HYDRO 2016 Paper 4A1
Ingo Hennings, Dagmar Herbers
Ocean colour and its transparency are related to turbidity caused by substances in water like organic and inorganic material. One of the essential climate variables (ECV) is ocean colour. However, this implies the correct interpretation of observed water quality parameters. Acoustic Doppler Current Profiler (ADCP) data of the three-dimensional current-field, echo intensity, modulation of suspended sediment concentration (SSC), and related water levels and wind velocities have been analysed as a function of water depth above submerged asymmetric compound sand waves during a tidal cycle in the Lister Tief of the German Bight in the North Sea.
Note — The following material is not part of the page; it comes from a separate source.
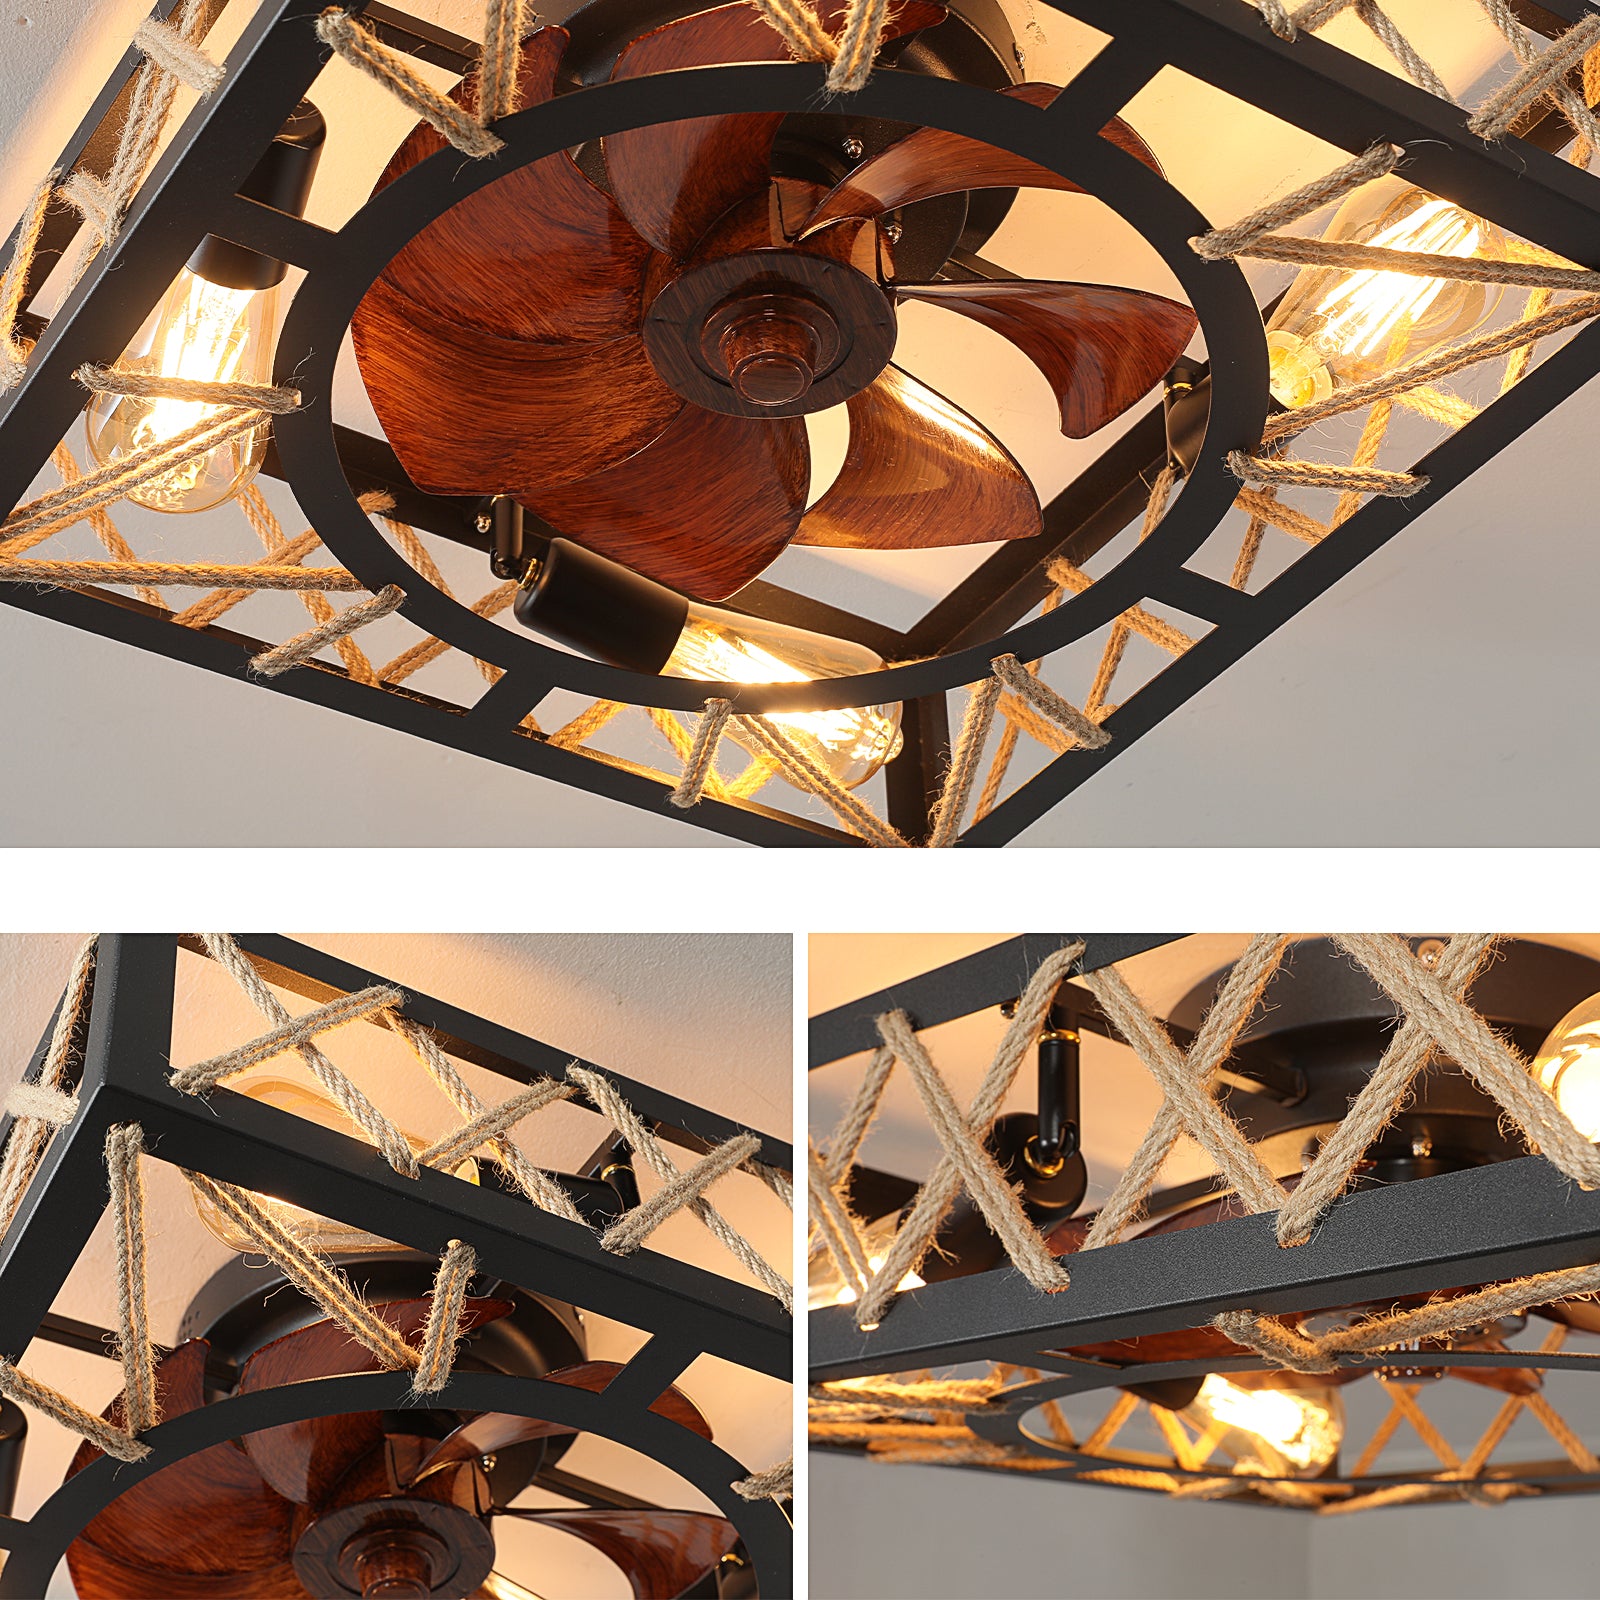 Modern Square Flush Mount Caged Ceiling Fan With Lights

Signatures of vertical current component, echo intensities and calculated SSC modulations in the water column depend strongly on wind and current velocity. Bursts of vertical current component and echo intensity are triggered by sand waves itself as well as by superimposed megaripples due to current wave interaction at high current ≥ 1.0 m s-1 and wind speeds ≥ 10.0 m s-1, preferably of opposite directions, measured at high spatial resolution. The magnitude of currents and SSC modulations during ebb and flood tidal current phases are only weakly time dependent, whereas the local magnitudes of these parameters are variable in space above the sand waves. Intense ejections caused by tidal current velocity transport higher SSC near the bottom boundary layer at the sand waves superimposed by megaripples towards the free water surface. Such typical upwelling mechanism above sand waves creates distinct SSC signatures of remote sensing data visible in air- and space-borne optical imagery. Hydrodynamic parameters such as dynamic buoyancy density, total energy density and action density due to semi-diurnal M2 tide motion which are associated with sand waves are investigated and analysed. Results and characteristics of simulated hydrodynamic parameters in coastal waters above sand waves are presented. It is shown that ADCP measurements are to be consistent with simulations based on the applied theory.